:: Assigned task ::
Starting from the line in which "Haglöfs Men's Curious" appears, set down each line exactly through the end of the listing, and nothing else. Leave out pictures.

:: Input data ::
- - -

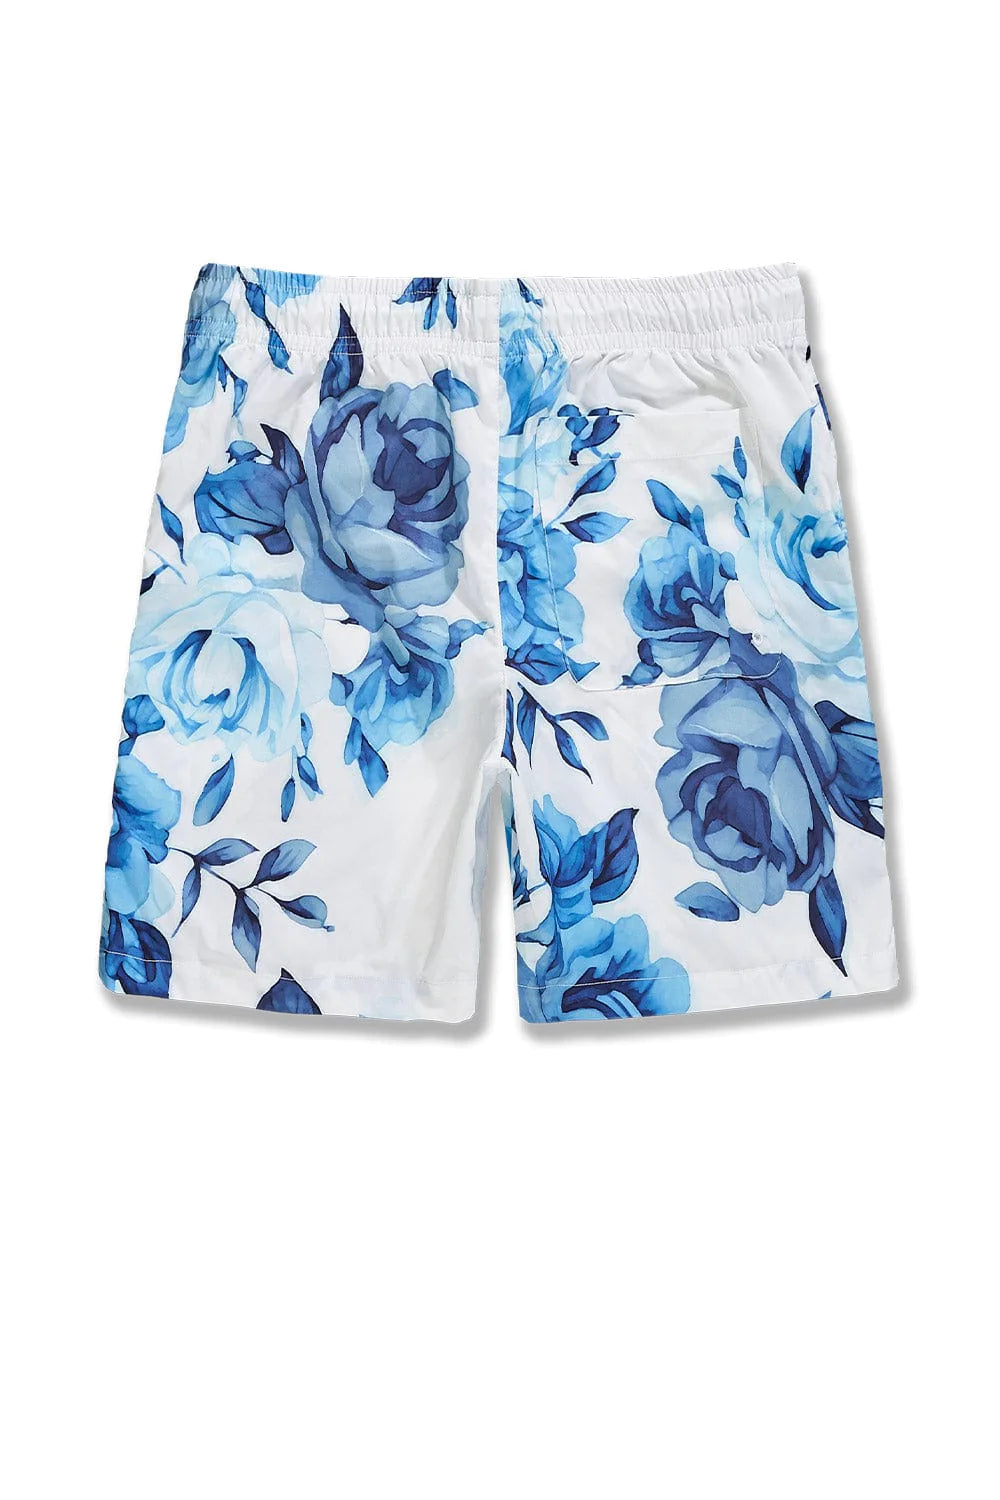 “NEW” Jordan Craig Retro Lounge Shorts (Blue Floral)
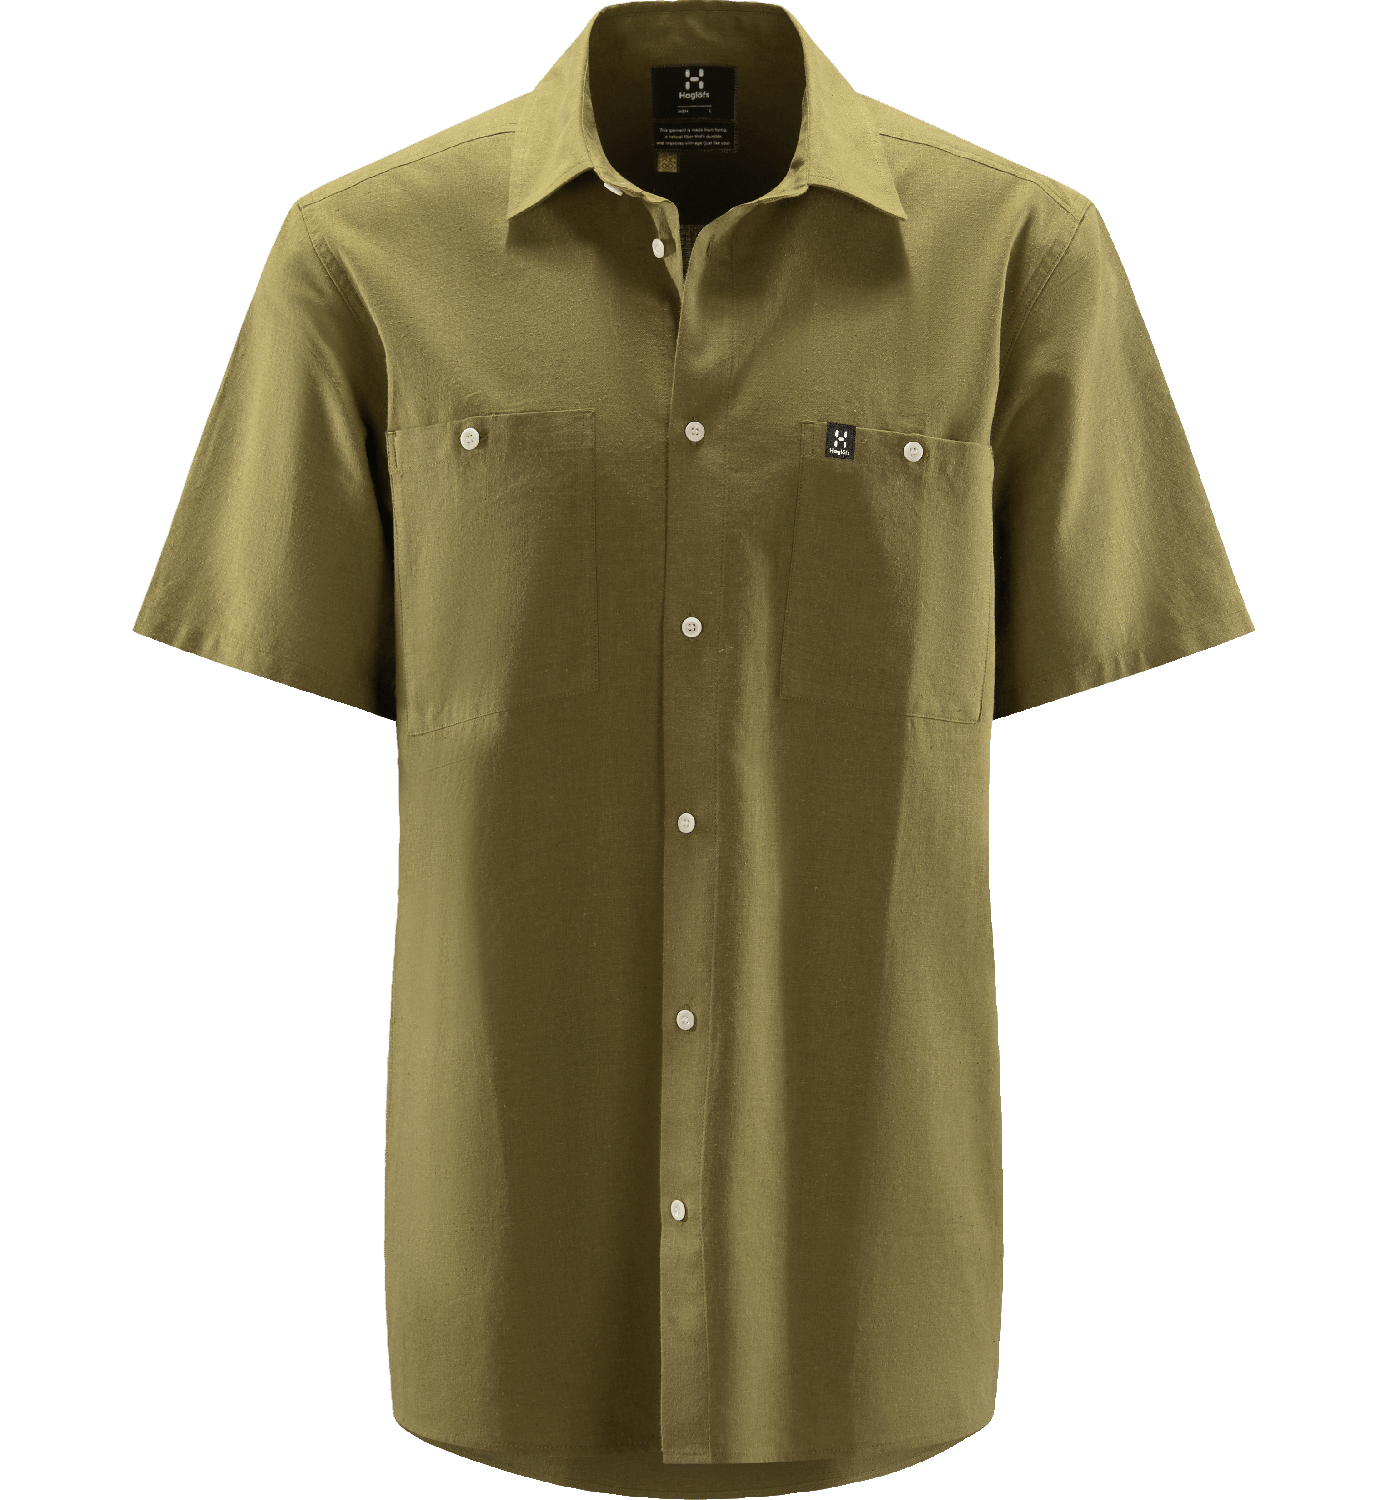 Haglöfs Men's Curious Hemp Short-Sleeve Shirt Olive Green
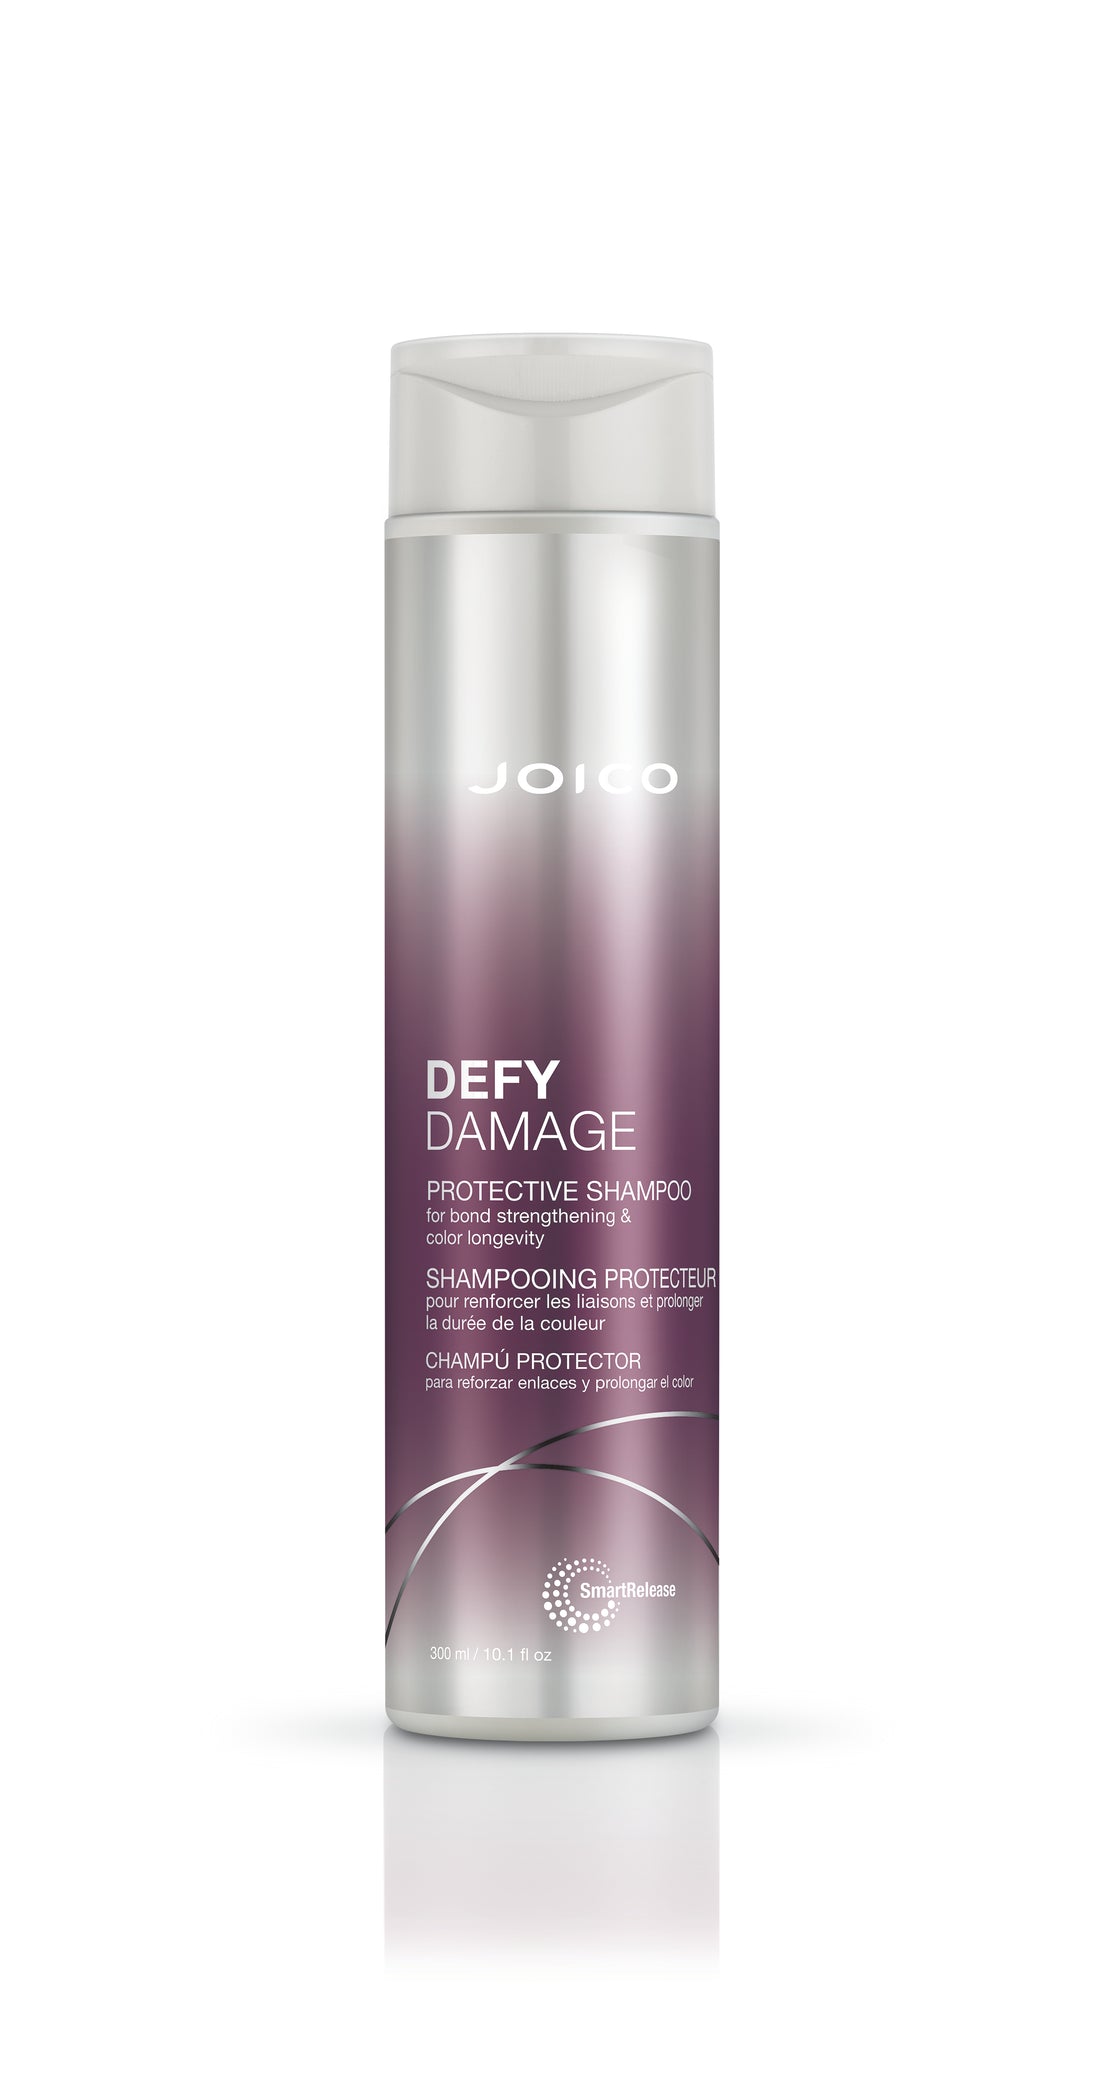 Joico Defy damage shampoo

- - -

:: Problem solution ::
 Haglöfs Men's Curious Hemp Short-Sleeve Shirt Olive Green
 Joico Defy damage shampoo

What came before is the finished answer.